L’intervention joyeuse et rythmée du chœur phocéen et des danseurs, annonce l’arrivée du bateau amenant deux voyageurs : Napoléon Bistagne et sa fille Sylvabelle. Le père est incarné par Michel Delfaud (remplaçant Philippe Fargues) qui joue d'une voix de baryton bien timbrée un personnage comique, haut en couleurs (Bistagne est loin de la Canebière, à son grand regret), s’exprimant avec l’accent marseillais, à la plus grande joie du public de l’Odéon. Un autre voyageur français se présente à l’auberge : Maître Florès (Marc Larcher), ténor séducteur, avec une voix au timbre légèrement métallique. Il chante cependant avec la projection d'une tessiture large la version vocale de “la bonne Auberge du Cheval Blanc”. Josépha (Caroline Géa), patronne de l’auberge, savoure sa présence et chante en duo avec Maître Florès, toujours sur le même leitmotiv. Sa voix de soprano, riche en couleurs, au médium solide et aux aigus timbrés, se mêle de façon équilibrée à la ligne vocale.

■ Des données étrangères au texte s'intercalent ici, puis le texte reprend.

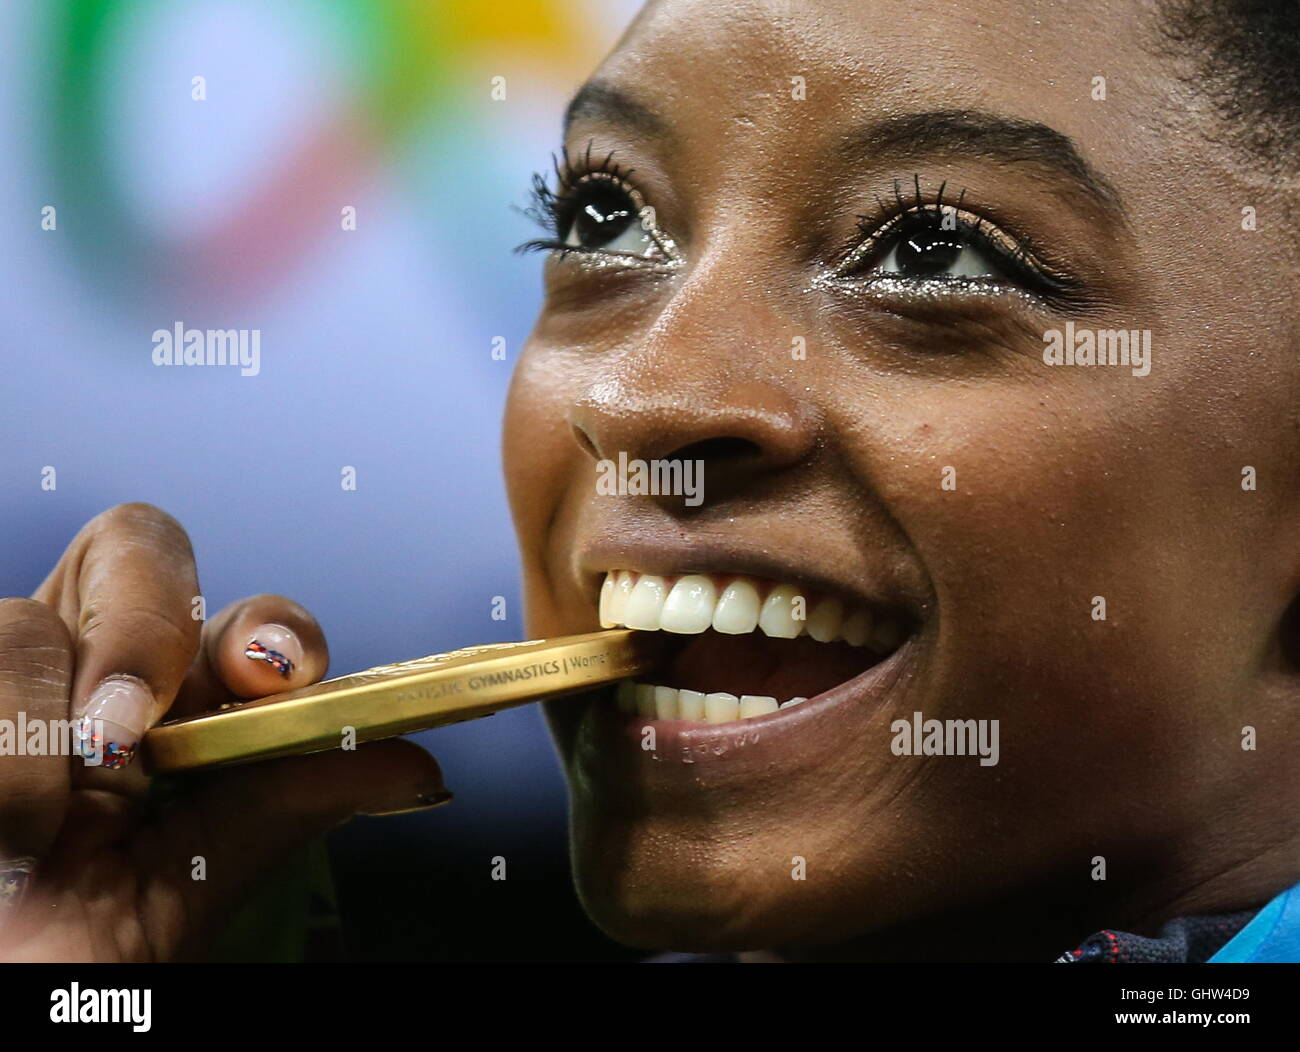 Rio De Janeiro, Brasilien. 11. August 2016. Goldmedaillengewinner Simone Biles der USA bei einer Preisverleihung Stockbild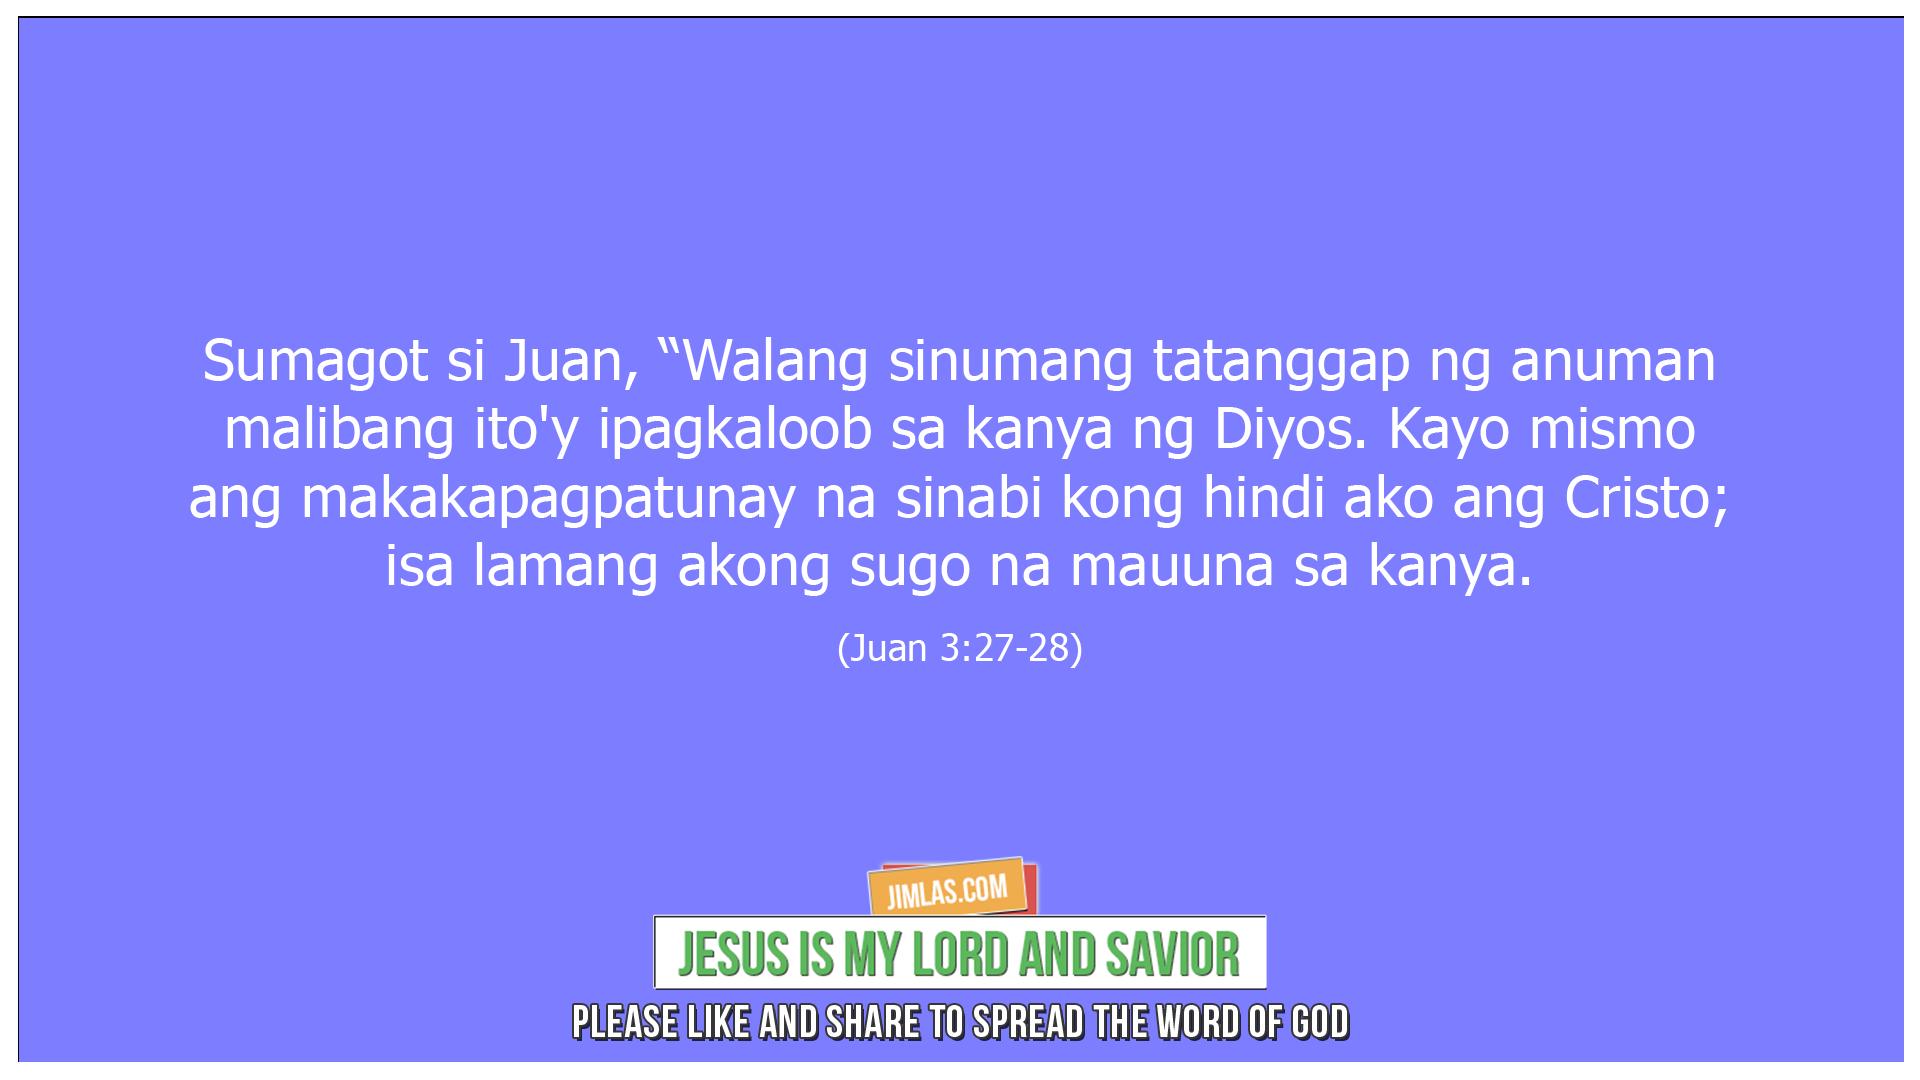 Juan 3-27-28, Juan 3:27-28

Maître Florès part en montagne et rencontre Sylvabelle (fille de Bistagne), interprétée par Charlotte Bonnet : une voix de soprano souple, nuancée, timbrée dans le grave, aérienne dans les aigus, évoluant avec une grâce constante dans le duo romantique “au pays bleu”. Le texte est bien articulé et Charlotte Bonnet module des aigus soyeux avec une aisance admirée. A la fin de cette scène, les danseurs entourent les amoureux et effectuent un numéro de claquettes, évoquant l’Amérique du début du XXème siècle.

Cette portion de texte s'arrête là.